Does anyone here know the formula for calculating foot pounds of energy for a load? I know it involves the velocity and bullet weight.
Velocity Squared X Bullet weight/ Divided by 450240
Example.
1200 x 1200 x 150 / 450240=
360000/450240=
479.74 ft lbs
Henry, While this isn’t an answer to your question......here’s a link to a very informative website. It gives much info/inside into ft/pounds energy, momentum, Taylor KO values, ect. It may cause you to question what we’ve been led to believe most of our lives! memtb
memtb
If you would be so kind, I would not mind seeing that link myself!
Sorry! Damn, I must be getting old.....I thought that I had provided the link!
I’ll try again! memtb
http://rathcoombe.net/sci-tech/ballistics/wounding.html
Thanks for the link, memtb.
The "Power Factor" used for Single Action / Cowboy shoots is flawed, but it provides a yard stick kind of standard that is VERY easy to calculate.
Bullet wt in grains X velocity in fps divided by 1000 such as the old .38 Special LEO load of 158 X 850 = 134.3 PF
1,000
The SASS knock-down targets are configured to fall at that level of power. I think the IPSC Power Factor is calculated the same way, with Major and Minor categories.

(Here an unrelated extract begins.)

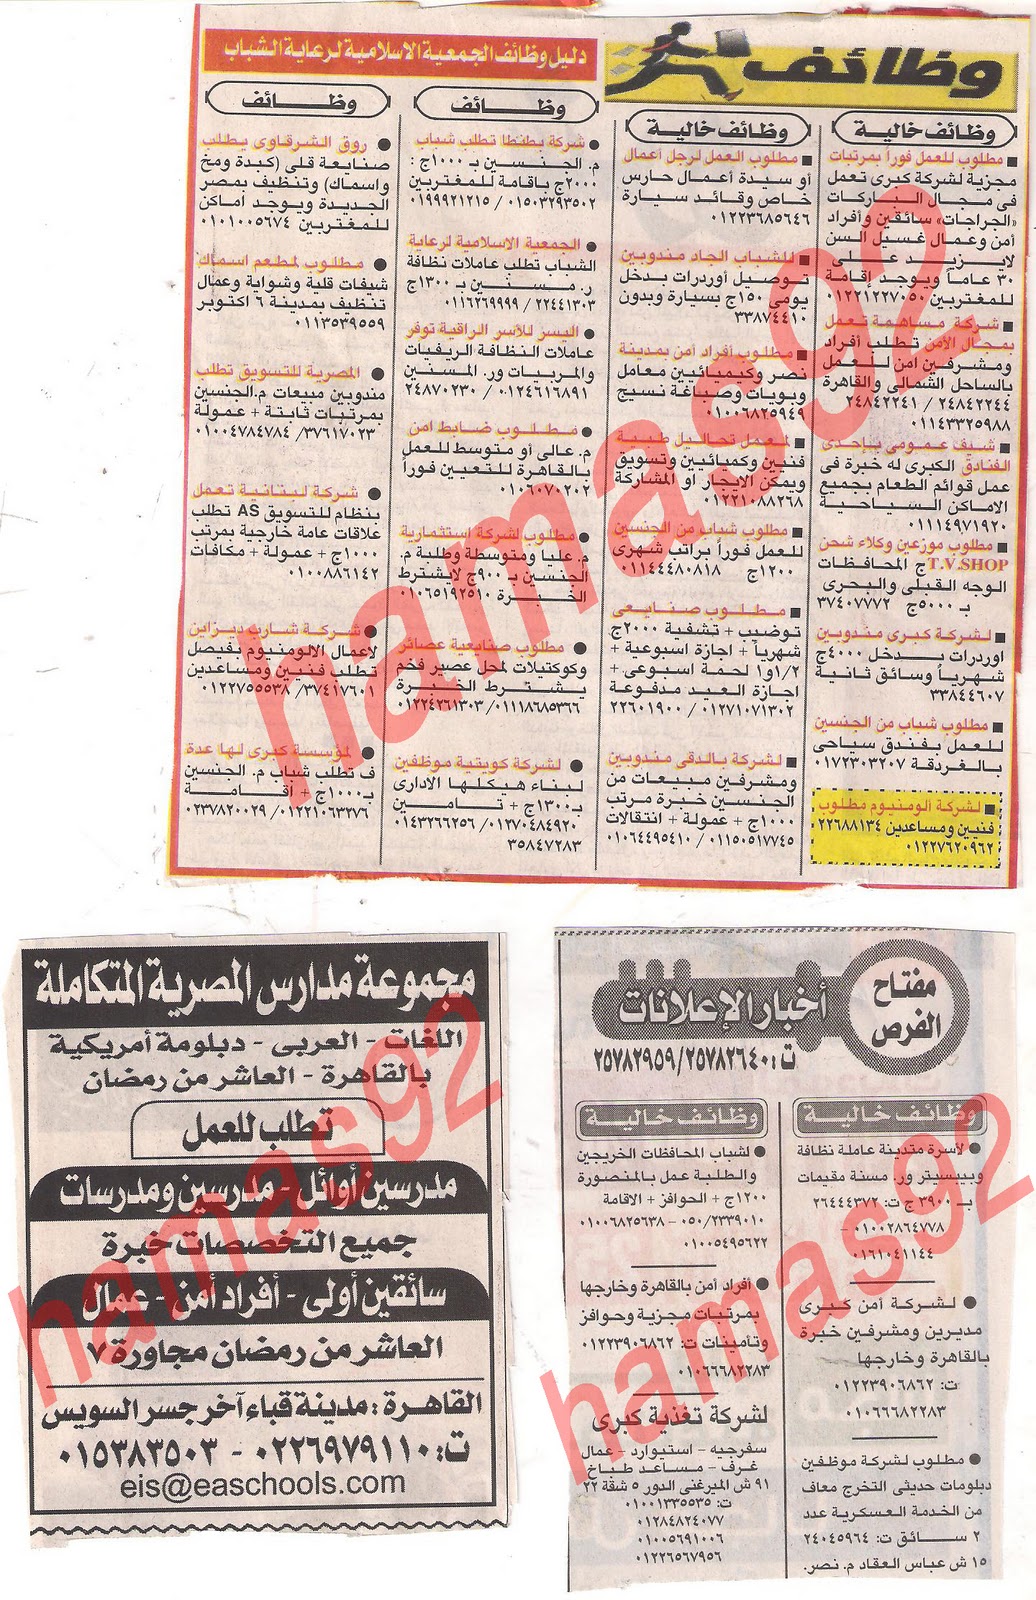 وظائف خالية فى مصر من جريدة اخبار اليوم السبت 22/10/2011 Picture+002

These formulas are just crunching numbers, not related to real life effectiveness, but I remember seeing the Colorado hunting regulations at one time specififying that 1000 foot-pounds ...or is it properly pounds-feet?...of Kinetic Energy is the minimum for hunting big game. I found a handy table for calculating KE in one of my older Speer books.